GSE255844 Processing Pipeline

RNA-Seq code_examples 5 steps

Publication

Long-read Ribo-STAMP simultaneously measures transcription and translation with isoform resolution.

Genome research (2024) — PMID 38906680

Dataset

GSE255844

Long-read Ribo-STAMP simultaneously measures transcription and translation at full length isoform resolution

Warning: Pipeline descriptions and code snippets may be inferred or AI-generated. Use them only as a starting point to guide analysis, and validate before use.
  1. 1

    Sequencing data was processed using the Isoseq v4 pipeline with lima (parameter: --isoseq) to generate full-length non-concatemer reads and isoseq refine (parameter: --require-polya) to generate refined reads.

    IsoSeq vv4 GitHub
    $ Bash example
    # Install PacBio SMRT Tools (pbbioconda) if not already installed
    # conda create -n isoseq_env pbbioconda
    # conda activate isoseq_env
    
    # Assuming 'input.ccs.bam' are circular consensus (CCS) reads and 'primers.fasta' contains IsoSeq primers (e.g., SMRTbell adapters)
    # Generate full-length non-concatemer (FLNC) reads using lima
    lima --isoseq input.ccs.bam primers.fasta output.flnc.bam
    
    # Refine FLNC reads, requiring a polyA tail
    isoseq refine --require-polya output.flnc.bam output.refined.bam
  2. 2

    HEK293T APOBEC1-only and Ribo-STAMP data were aligned to hg19 reference and MDA-MB-231 Ribo-STAMP data (NT and CoCl2) were aligned to hg38 reference using pbmm2 align (parameter: --preset ISOSEQ).

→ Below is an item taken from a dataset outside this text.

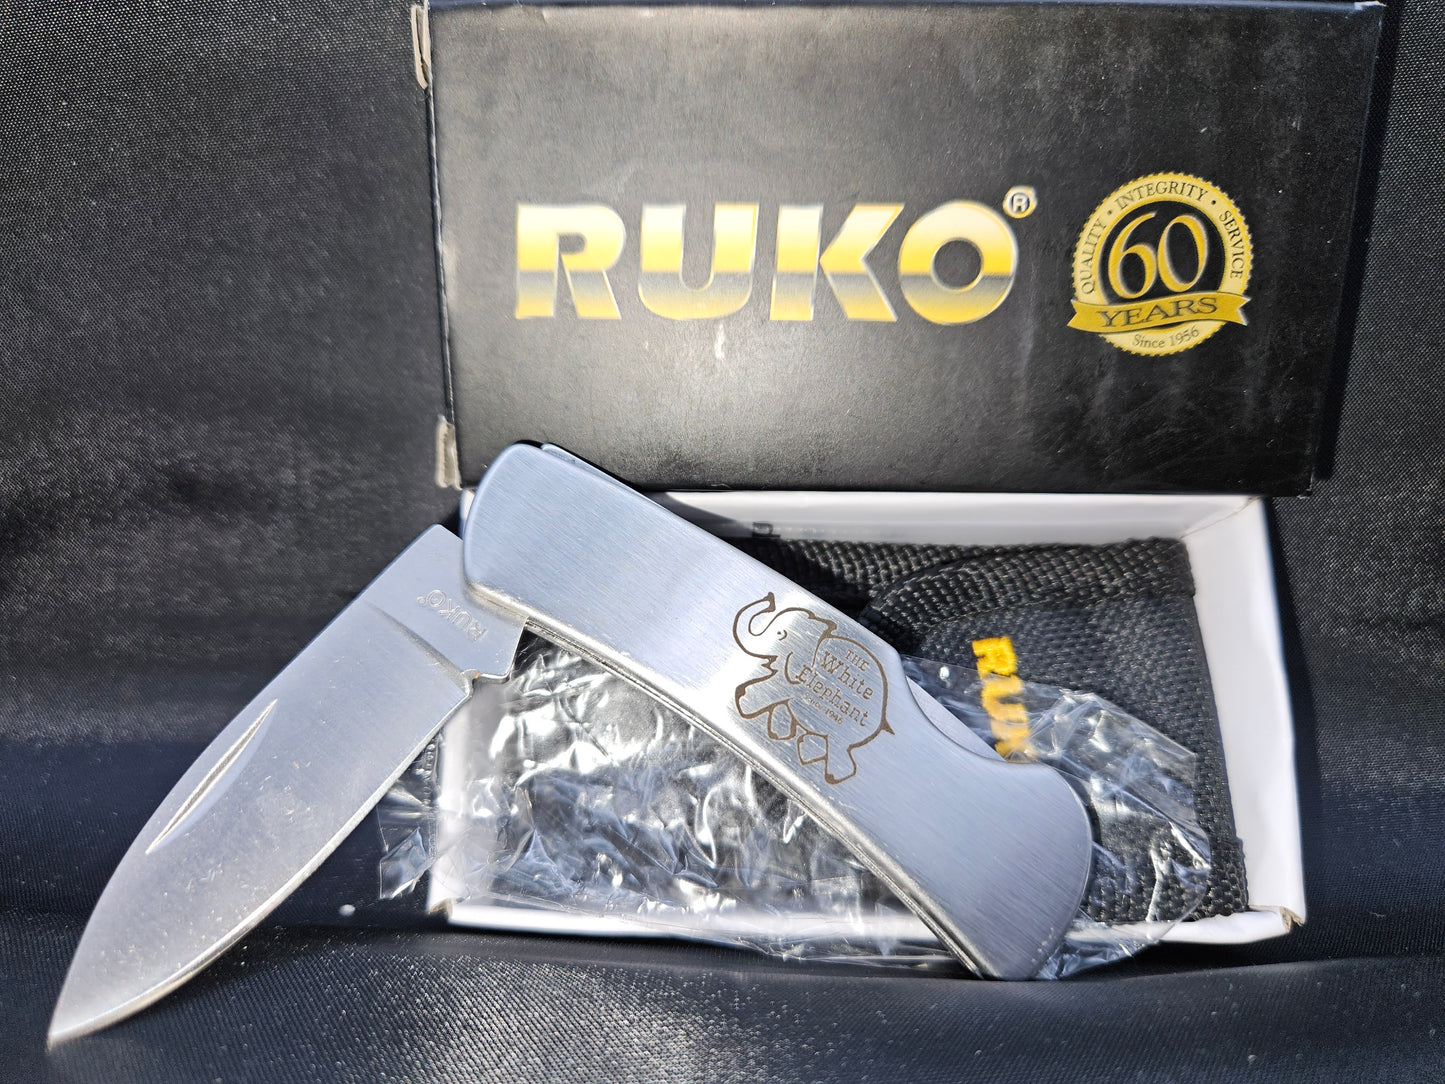 White Elephant Ruko folding pocket knife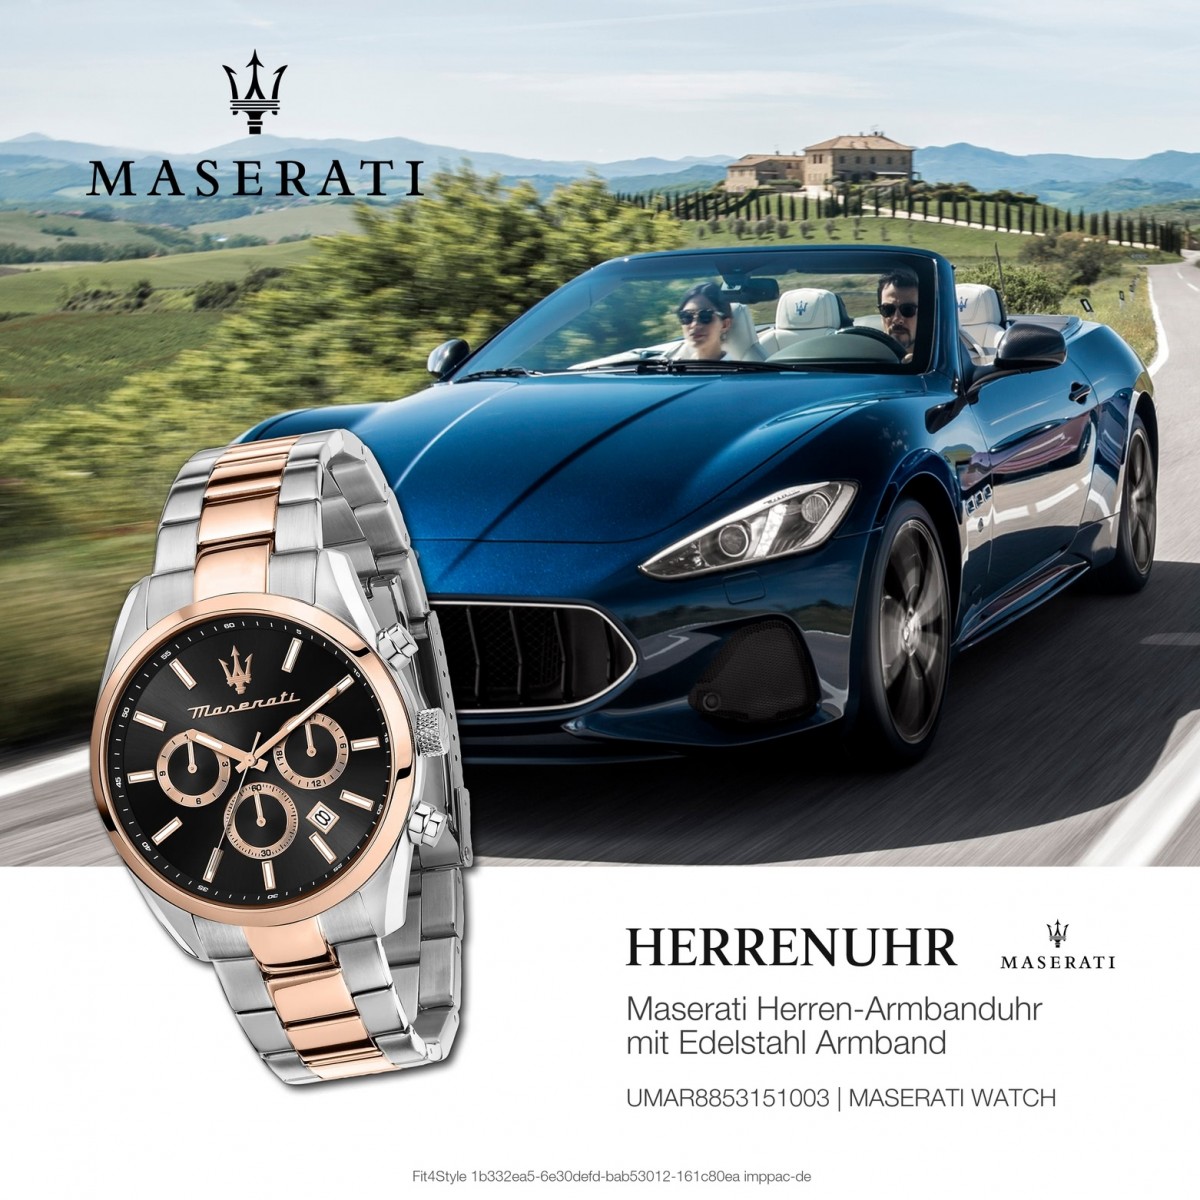 Maserati Herrenuhr Attrazione rosegold UMAR8853151003 Multi Edelstahl

    IsoSeq vNot specified (Inferred with models/gemini-2.5-flash) GitHub
    $ Bash example
    # Install pbmm2 (part of pbtools)
    # conda install -c bioconda pbmm2
    
    # Define reference genomes
    # Download hg19 reference FASTA from UCSC
    # wget -O hg19.fasta.gz http://hgdownload.soe.ucsc.edu/goldenPath/hg19/bigZips/hg19.fa.gz
    # gunzip hg19.fasta.gz
    HG19_REF="hg19.fasta" # Path to hg19 reference FASTA
    
    # Download hg38 reference FASTA from UCSC
    # wget -O hg38.fasta.gz http://hgdownload.soe.ucsc.edu/goldenPath/hg38/bigZips/hg38.fa.gz
    # gunzip hg38.fasta.gz
    HG38_REF="hg38.fasta" # Path to hg38 reference FASTA
    
    # Input data placeholders (assuming FASTQ files as input for alignment)
    HEK293T_INPUT="hek293t_apobec1_ribostamp.fastq"
    MDAMB231_NT_INPUT="mdamb231_ribostamp_nt.fastq"
    MDAMB231_COCL2_INPUT="mdamb231_ribostamp_cocl2.fastq"
    
    # Align HEK293T APOBEC1-only and Ribo-STAMP data to hg19
    pbmm2 align "$HG19_REF" "$HEK293T_INPUT" "hek293t_apobec1_ribostamp_hg19.bam" --preset ISOSEQ
    
    # Align MDA-MB-231 Ribo-STAMP NT data to hg38
    pbmm2 align "$HG38_REF" "$MDAMB231_NT_INPUT" "mdamb231_ribostamp_nt_hg38.bam" --preset ISOSEQ
    
    # Align MDA-MB-231 Ribo-STAMP CoCl2 data to hg38
    pbmm2 align "$HG38_REF" "$MDAMB231_COCL2_INPUT" "mdamb231_ribostamp_cocl2_hg38.bam" --preset ISOSEQ
  3. 3

    QC was completed using NanoPlot (parameters: --raw and --tsv_stats).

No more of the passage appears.